Sheldon Riley Hernandez (born 14 March 1999) is an Australian singer. He represented Australia in the Eurovision Song Contest 2022 with his song "Not the Same". He first appeared as a contestant on the eighth season of The X Factor Australia. Riley later competed on the seventh season of The Voice Australia, and in 2020, he appeared on America’s Got Talent for its fifteenth season.

Early life 
Riley was born in Sydney, New South Wales, to an Australian mother and a Filipino father. He grew up on the Gold Coast in Queensland.

Career

2016–2020: The X Factor, The Voice, and America's Got Talent 
In 2016, Riley, who then performed under his full name Sheldon Hernandez, auditioned for the eighth season of The X Factor Australia with the songs "Circle of Life" by Elton John and "Ordinary People" by John Legend. He originally participated in the 14–21s category, which was mentored by Adam Lambert, and was eliminated as a solo artist at the bootcamp stage of the competition. Riley returned to The X Factor after the mentor of the groups category, Iggy Azalea, selected him to be a part of a new boy band of eliminated solo artists. The band was called "Time and Place" and its members, in addition to Sheldon, included Sami Afuni, Matthew McNaught, and Leon Kroeber. The group was selected as one of Iggy Azalea's three acts, moving on to the live shows following the three-chair challenge. They were eliminated in the first week of the live shows.

In 2018, Riley appeared in the seventh season of The Voice Australia. He auditioned with the song "Do You Really Want to Hurt Me" by Culture Club. All of the four judges turned their chairs and Riley chose Boy George to be his coach. Riley made it to the final of the show and finished in third place.

Immediately following the final, Sheldon released "Fire" via Universal Music Australia.

In 2019, Riley returned to The Voice to compete in its eighth season as an all-star contestant. Riley auditioned with "Frozen" by Madonna and received chair turns from both eligible coaches. He chose Delta Goodrem as his coach. He was eliminated in the semi-final of the show.

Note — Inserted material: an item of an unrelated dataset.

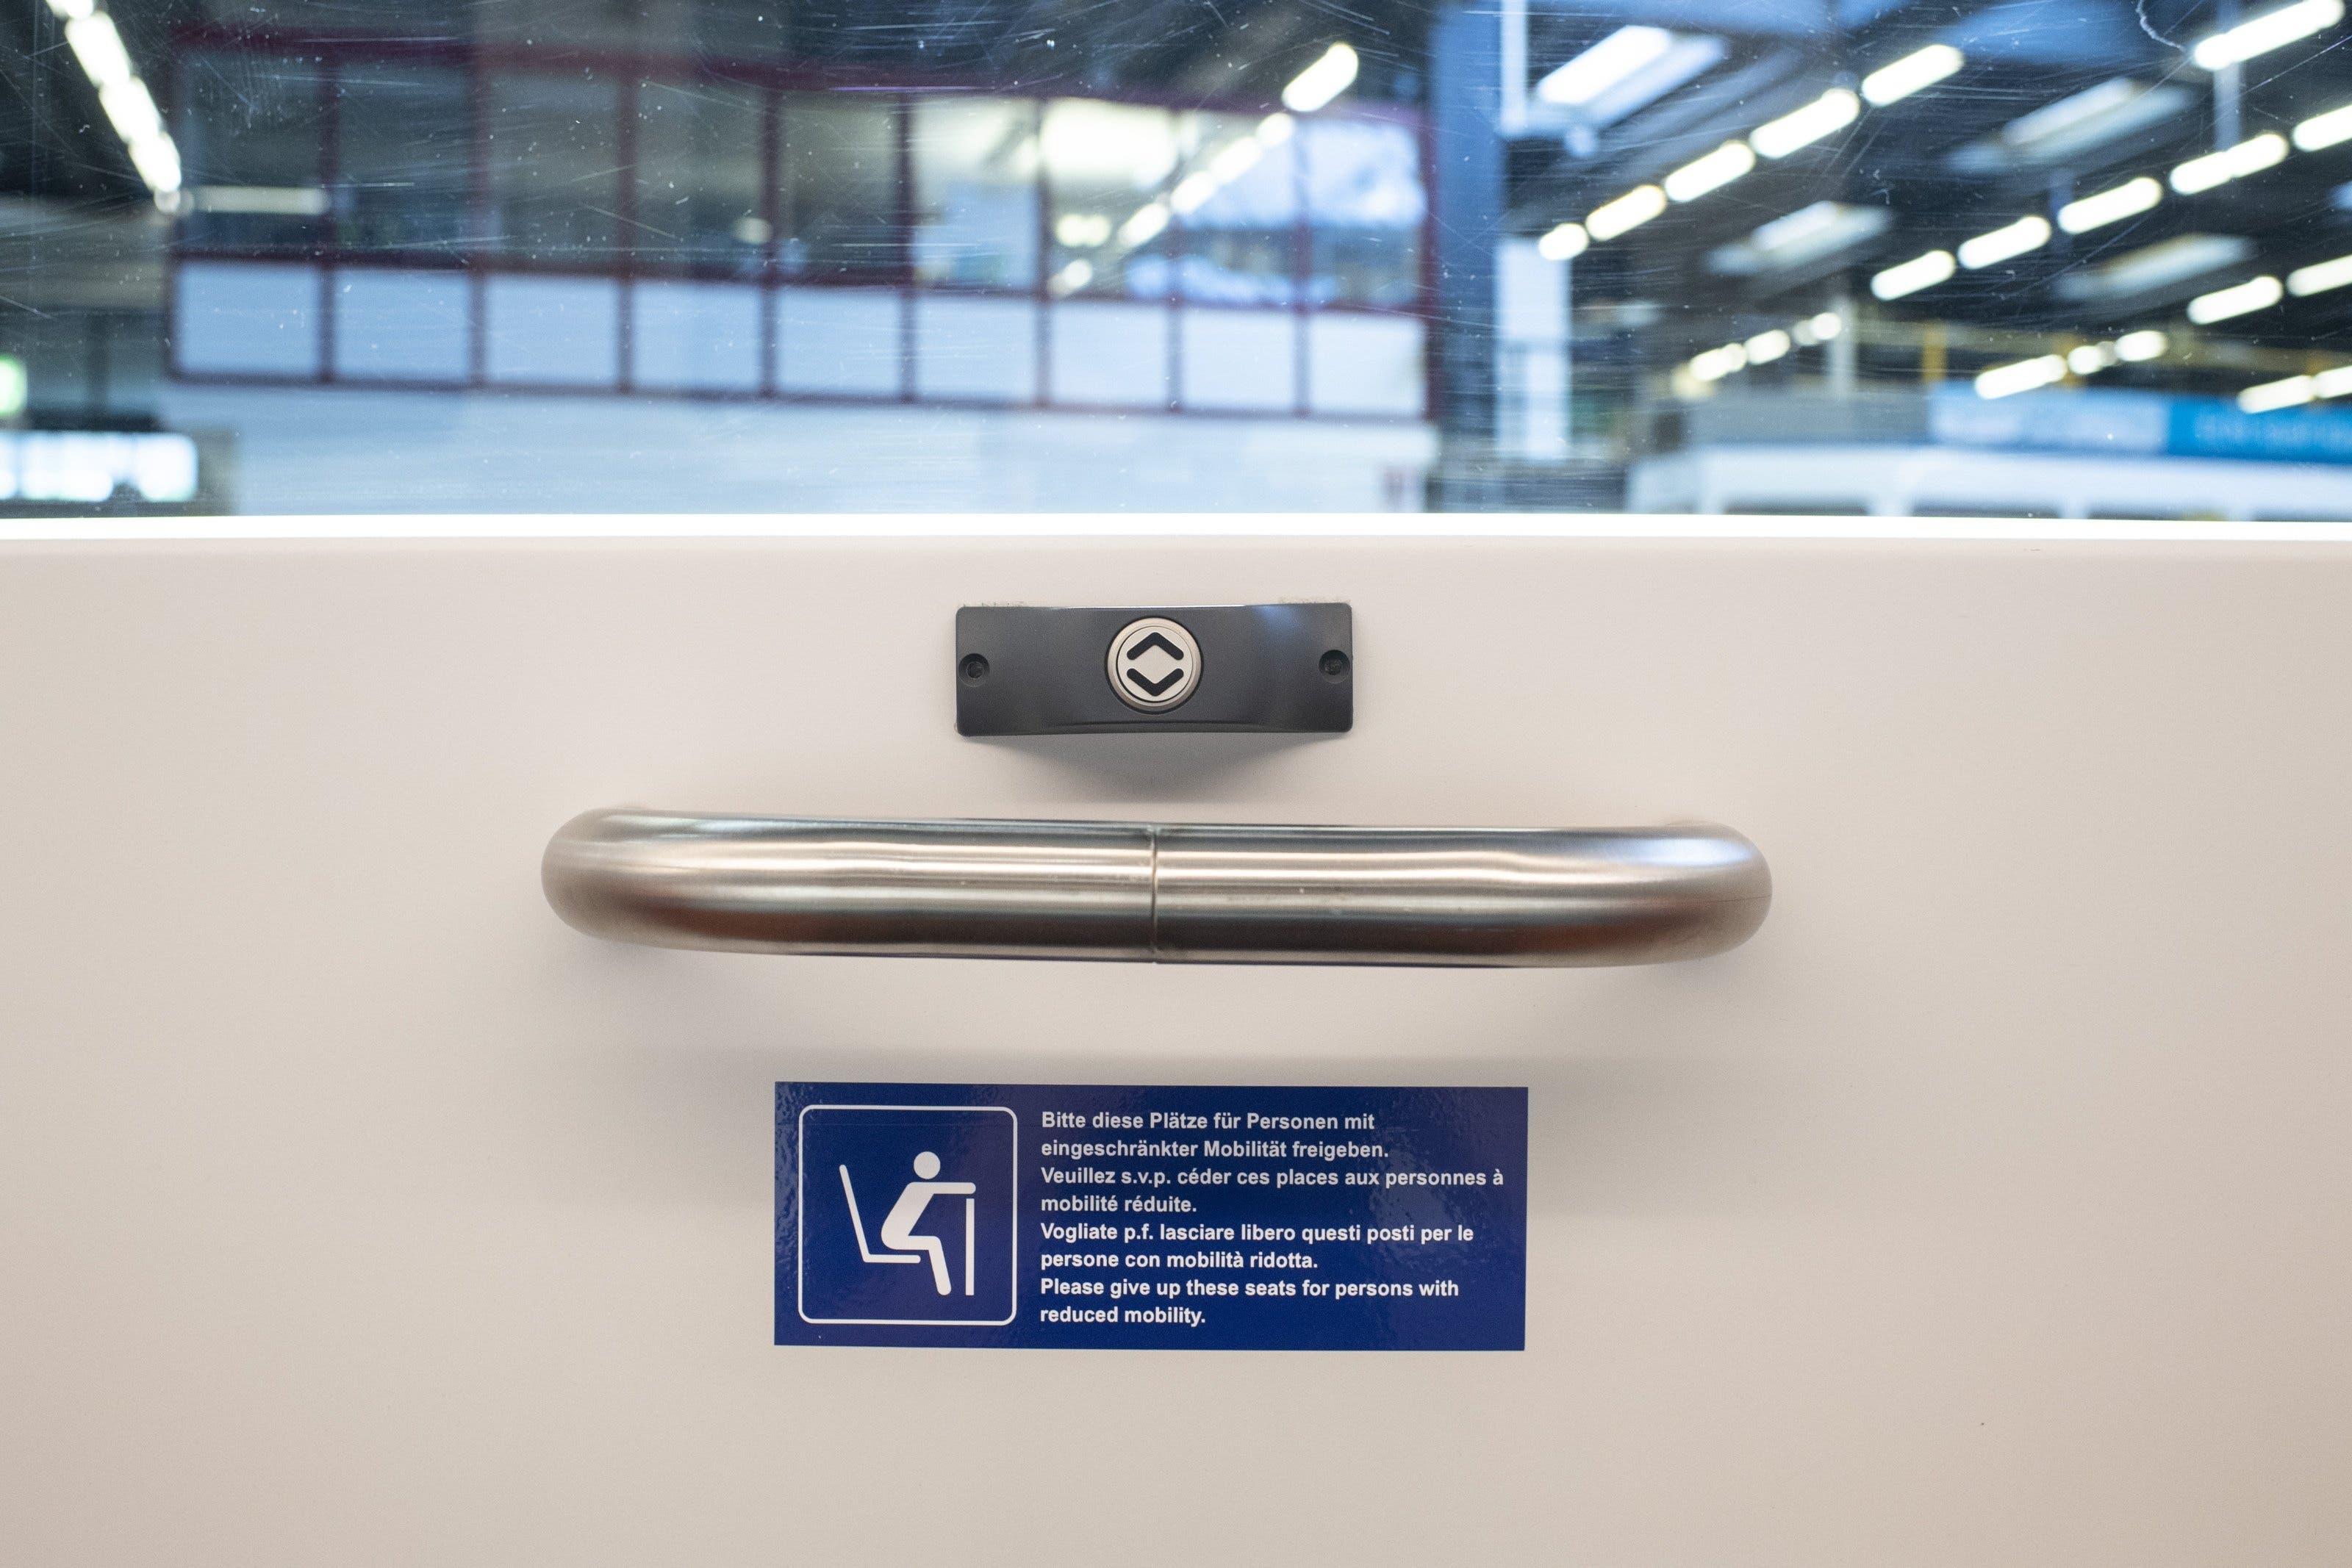 Die neuen Trams sollen helfen, das bevorstehende Mobilitätswachstum in der Stadt Zürich zu bewältigen.

In 2020, Riley competed in the fifteenth season of America's Got Talent. He auditioned with the song "Idontwannabeyouanymore" by Billie Eilish. He was eliminated in the third quarter-final of the season.

2021–present: Eurovision Song Contest, The Masked Singer 

On 26 November 2021, he was announced as one of the participants in the Eurovision – Australia Decides. Later, it was announced that his song for the contest was called "Not the Same", which released on 15 February 2022. He won the show with 100 points and therefore had the chance to represent Australia in the Eurovision Song Contest 2022 in Turin. Riley was one of the 10 qualifiers that advanced to the final of the competition on 14 May, where he reached 15th place with 125 points. Of the points he received, 123 were from national juries, and 2 points were from televoting.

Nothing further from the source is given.